**Problem:** With the pictures removed, write out the data below exactly.

**Data provided:**
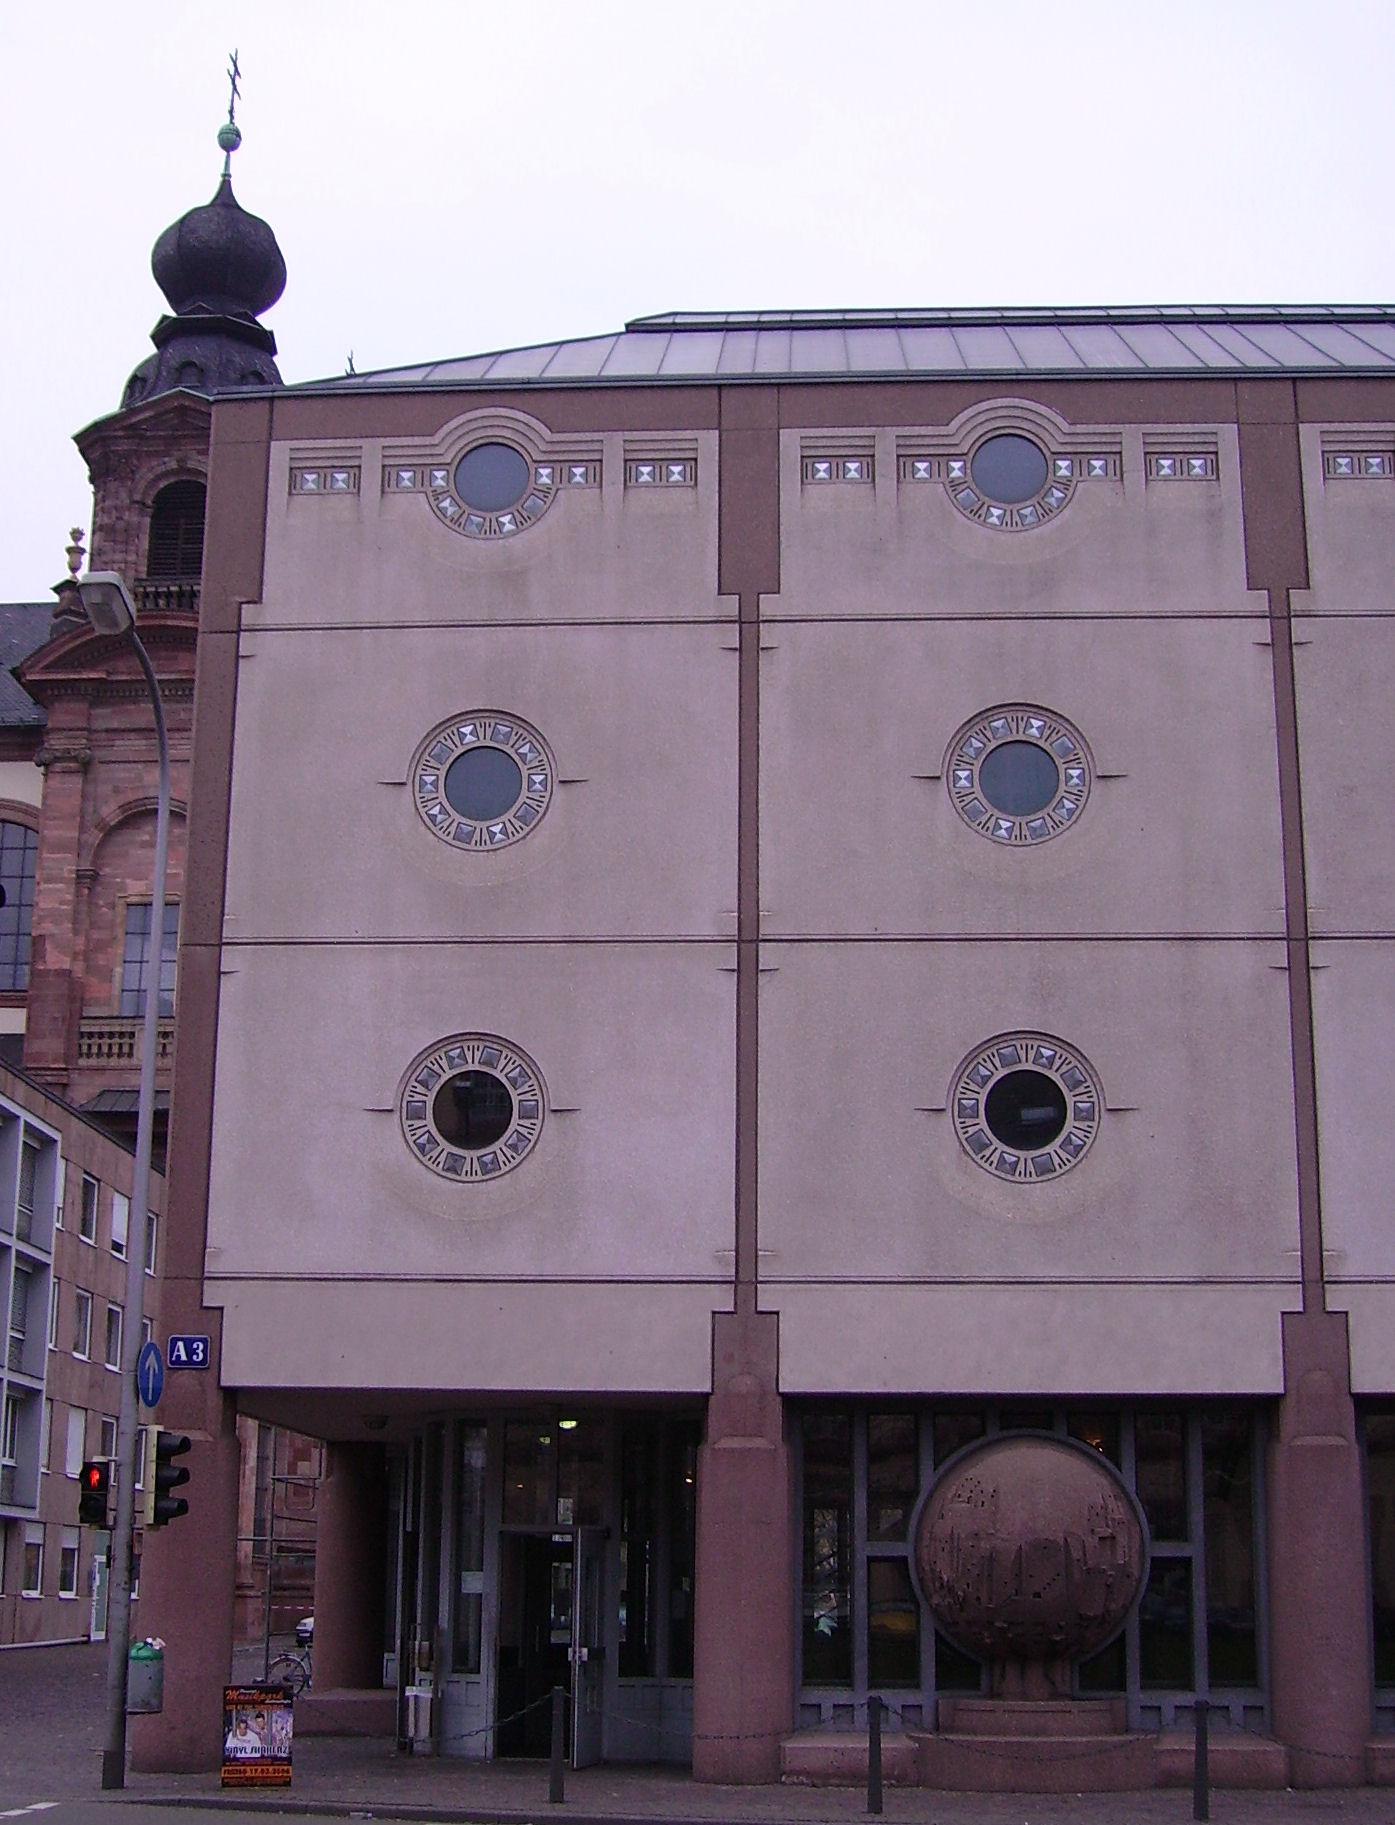 Universität mannheim semester dates
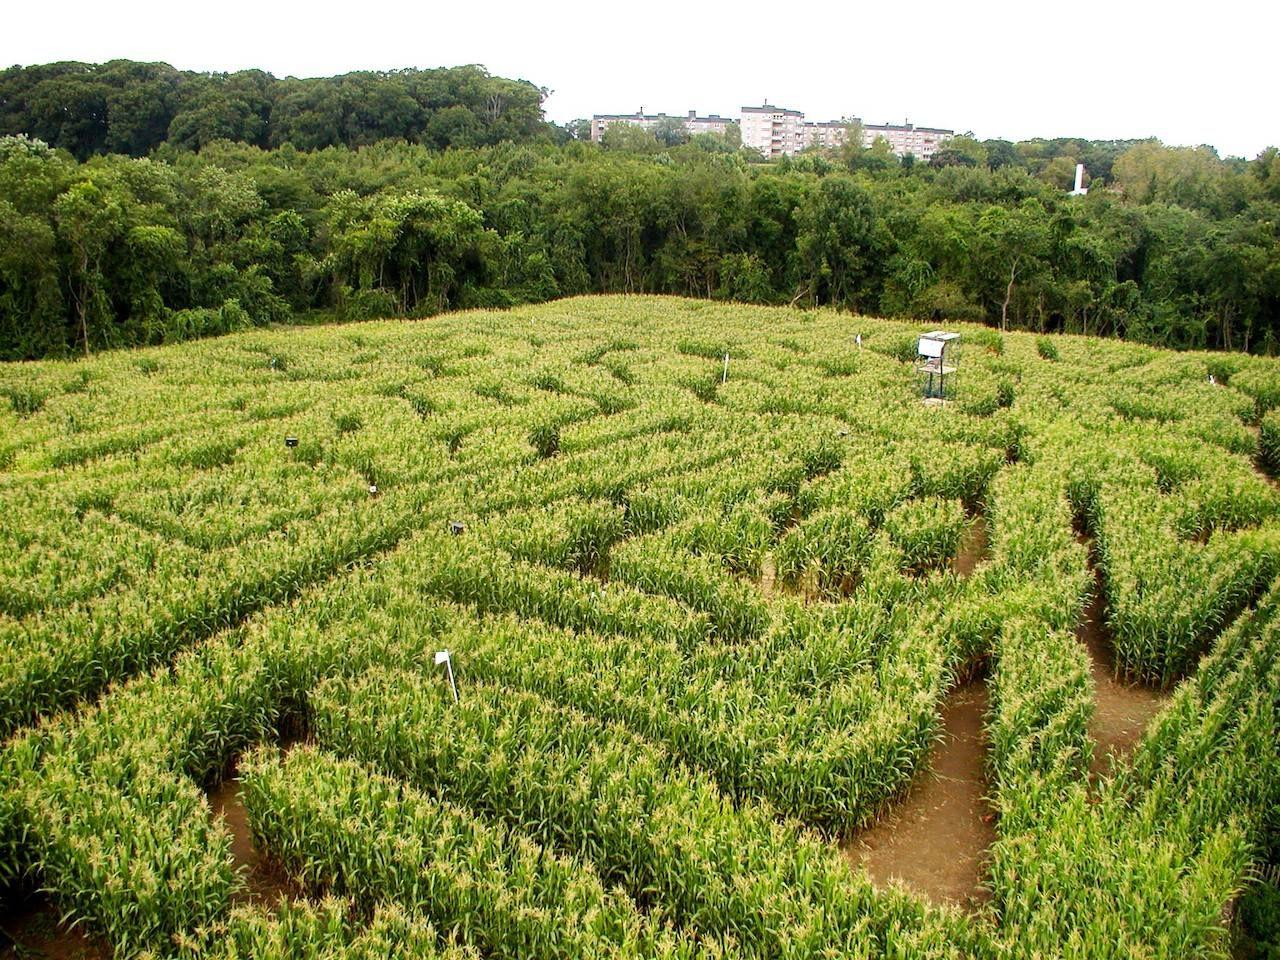 The Queens County Farm Museum corn maze in Queens, New York
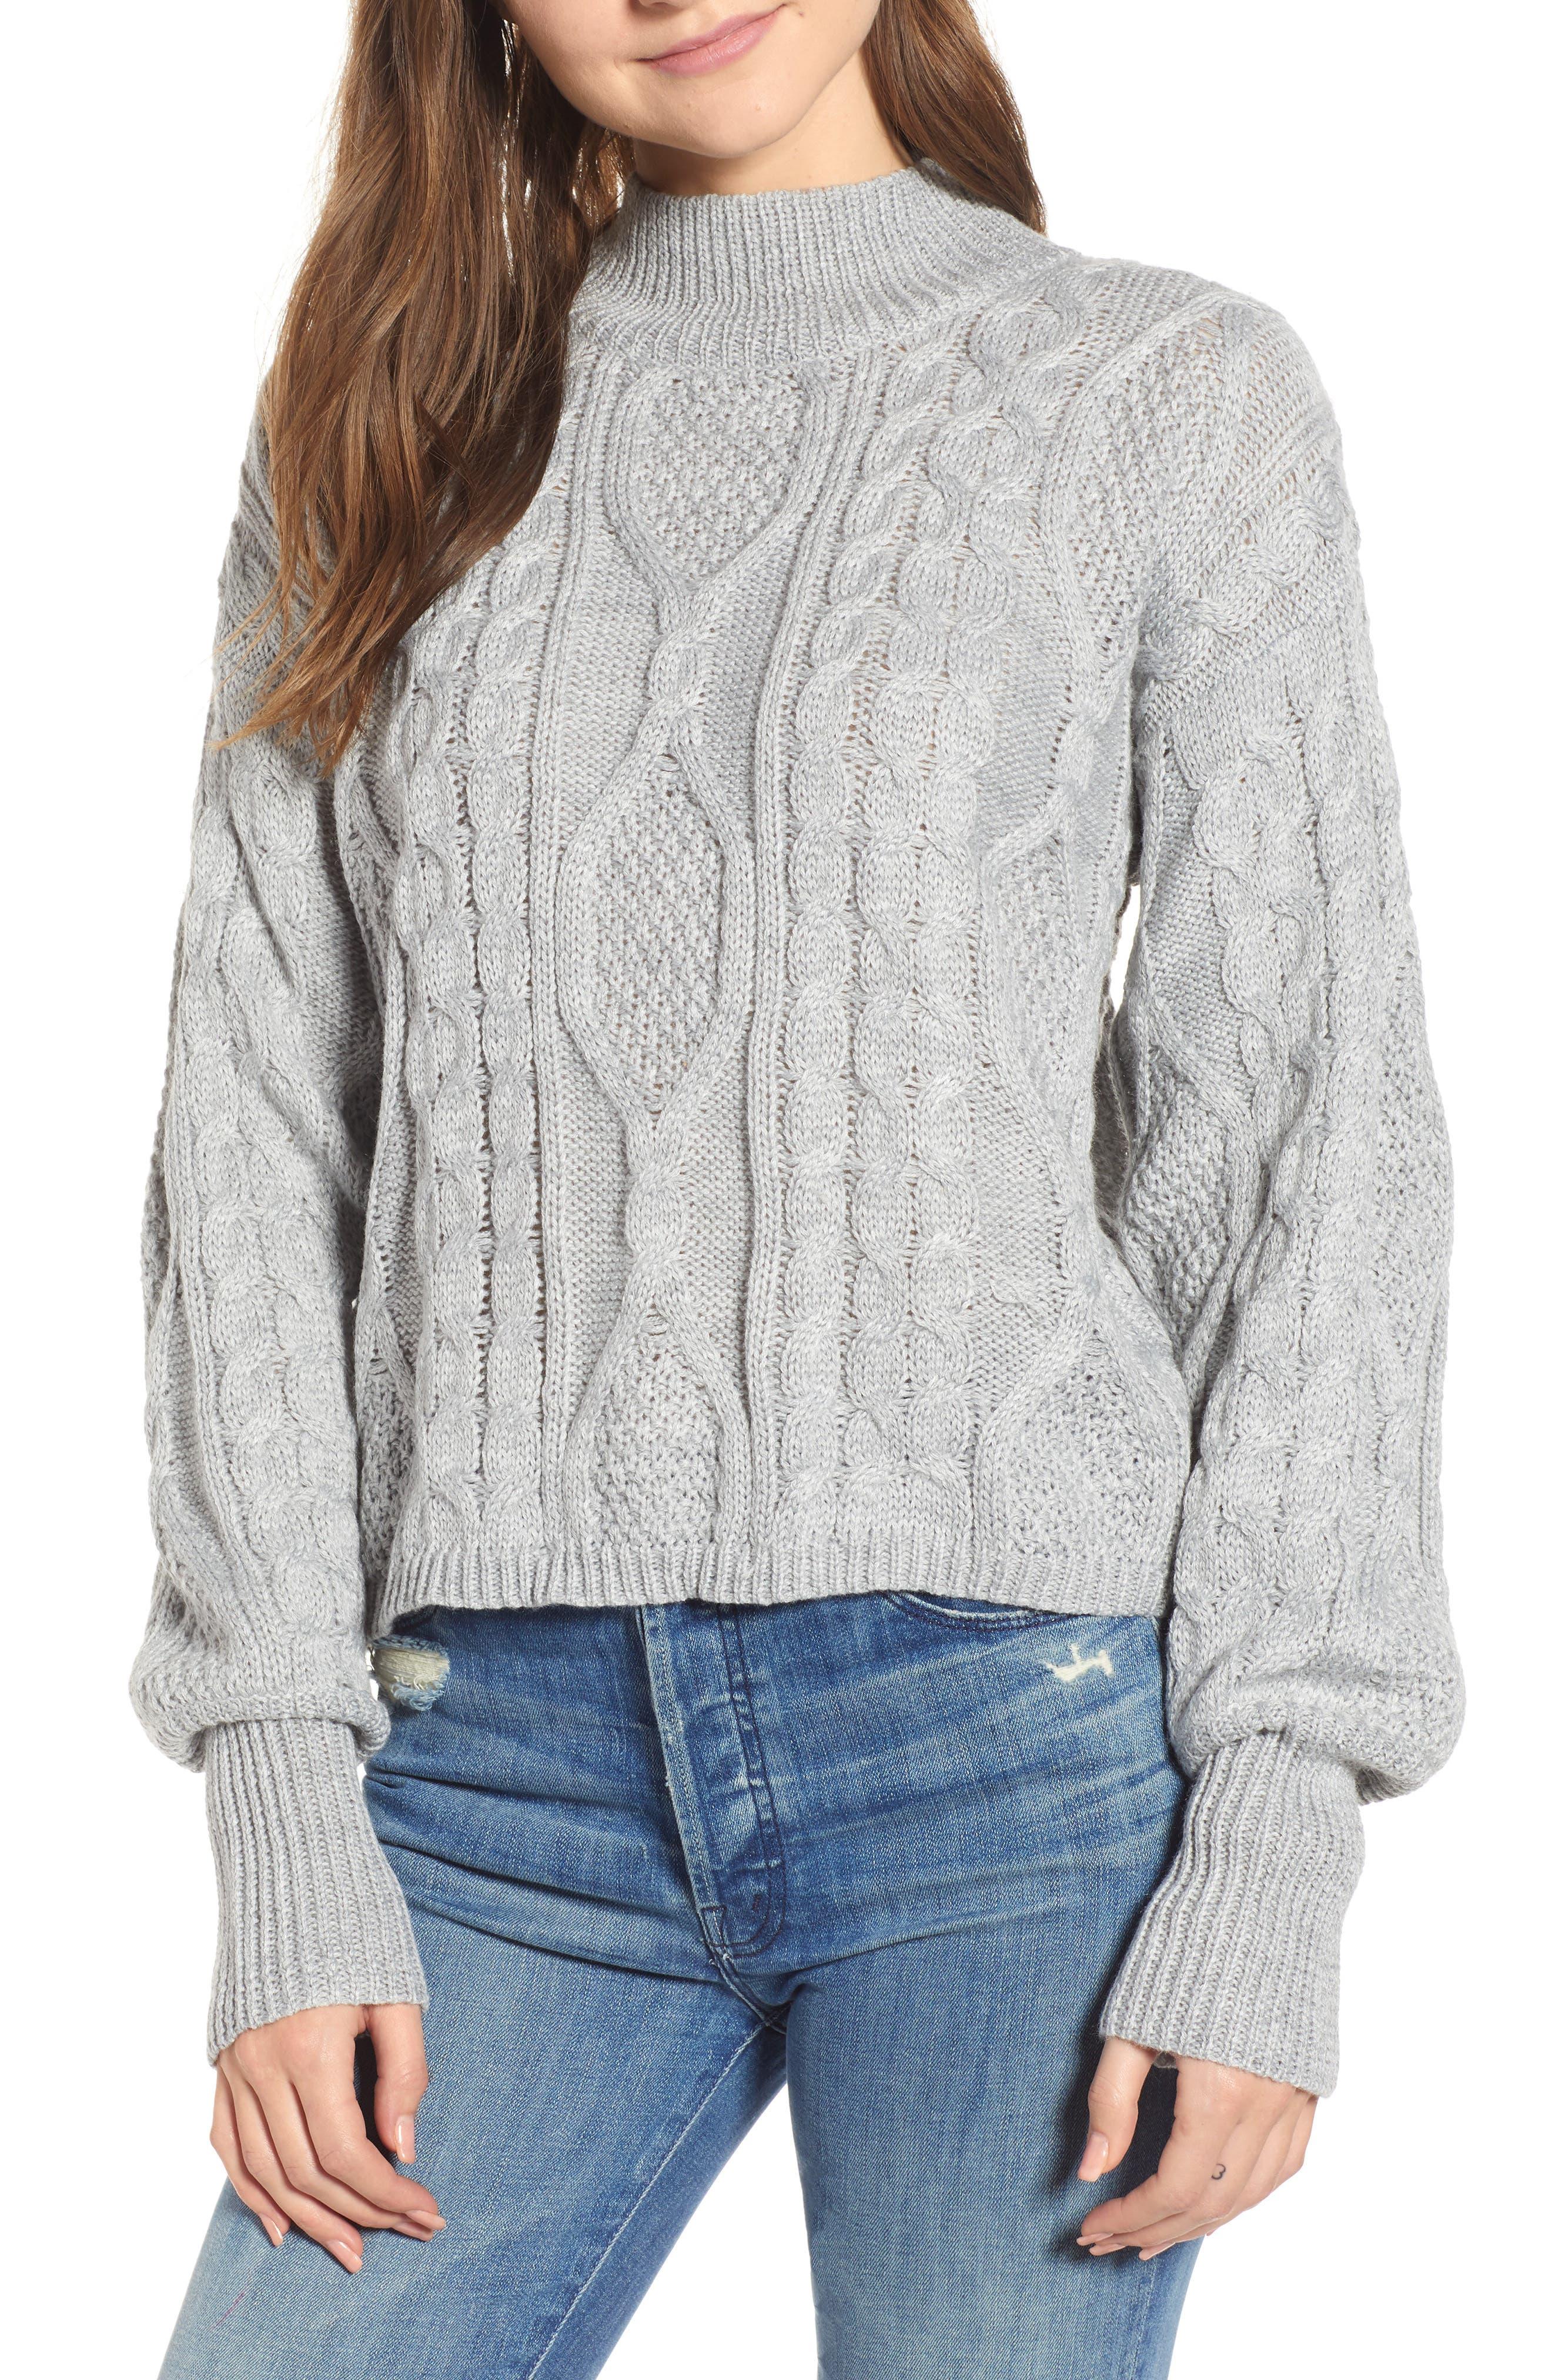 Dusk Till Dawn Cable Sweater,                             Main thumbnail 1, color,                             GREY

**Problem solution:**
 Universität mannheim semester dates
 The Queens County Farm Museum corn maze in Queens, New York
 Dusk Till Dawn Cable Sweater,                             Main thumbnail 1, color,                             GREY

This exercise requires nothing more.